• **Information shown**:
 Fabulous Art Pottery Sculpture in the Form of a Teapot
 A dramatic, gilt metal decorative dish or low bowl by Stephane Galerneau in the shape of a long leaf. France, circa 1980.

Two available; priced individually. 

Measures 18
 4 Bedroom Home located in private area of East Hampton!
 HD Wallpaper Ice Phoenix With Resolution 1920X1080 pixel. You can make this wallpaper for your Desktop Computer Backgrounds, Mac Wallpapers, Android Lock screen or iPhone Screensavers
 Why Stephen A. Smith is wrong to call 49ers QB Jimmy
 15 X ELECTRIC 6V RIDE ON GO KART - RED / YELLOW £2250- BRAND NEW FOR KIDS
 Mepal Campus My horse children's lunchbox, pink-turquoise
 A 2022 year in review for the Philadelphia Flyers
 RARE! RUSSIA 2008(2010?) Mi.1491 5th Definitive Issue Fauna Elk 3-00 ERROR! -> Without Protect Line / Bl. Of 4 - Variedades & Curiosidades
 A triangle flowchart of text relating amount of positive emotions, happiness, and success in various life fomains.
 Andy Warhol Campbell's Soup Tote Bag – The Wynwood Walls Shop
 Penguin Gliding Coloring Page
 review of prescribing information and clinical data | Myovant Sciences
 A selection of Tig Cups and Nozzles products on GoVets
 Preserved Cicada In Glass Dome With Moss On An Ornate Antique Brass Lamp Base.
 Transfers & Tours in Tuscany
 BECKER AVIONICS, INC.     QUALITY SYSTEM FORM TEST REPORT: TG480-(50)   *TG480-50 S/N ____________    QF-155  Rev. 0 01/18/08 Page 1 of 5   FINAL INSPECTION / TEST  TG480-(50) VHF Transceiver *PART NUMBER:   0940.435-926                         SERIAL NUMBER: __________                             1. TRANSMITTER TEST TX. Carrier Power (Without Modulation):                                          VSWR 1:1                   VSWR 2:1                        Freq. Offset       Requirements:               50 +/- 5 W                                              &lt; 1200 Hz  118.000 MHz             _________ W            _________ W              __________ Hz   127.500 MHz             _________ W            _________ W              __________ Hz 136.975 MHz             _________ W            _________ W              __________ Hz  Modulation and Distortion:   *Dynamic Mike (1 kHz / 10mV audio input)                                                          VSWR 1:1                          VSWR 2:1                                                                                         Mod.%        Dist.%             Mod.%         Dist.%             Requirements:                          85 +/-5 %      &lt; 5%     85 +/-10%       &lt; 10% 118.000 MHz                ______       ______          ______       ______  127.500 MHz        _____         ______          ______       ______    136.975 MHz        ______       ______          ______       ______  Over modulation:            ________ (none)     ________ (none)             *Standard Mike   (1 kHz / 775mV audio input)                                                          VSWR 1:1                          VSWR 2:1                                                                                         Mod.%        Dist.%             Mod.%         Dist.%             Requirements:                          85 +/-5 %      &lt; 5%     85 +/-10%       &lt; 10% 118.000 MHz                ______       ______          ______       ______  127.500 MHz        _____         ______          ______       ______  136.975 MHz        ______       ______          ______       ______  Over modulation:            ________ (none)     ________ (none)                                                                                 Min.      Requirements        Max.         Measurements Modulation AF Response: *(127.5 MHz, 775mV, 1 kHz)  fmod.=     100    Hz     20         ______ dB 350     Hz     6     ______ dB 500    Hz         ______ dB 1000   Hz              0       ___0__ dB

• **Work instruction**: Show me every line in the data above that includes "review".

• **Task response**:
 A 2022 year in review for the Philadelphia Flyers
 review of prescribing information and clinical data | Myovant Sciences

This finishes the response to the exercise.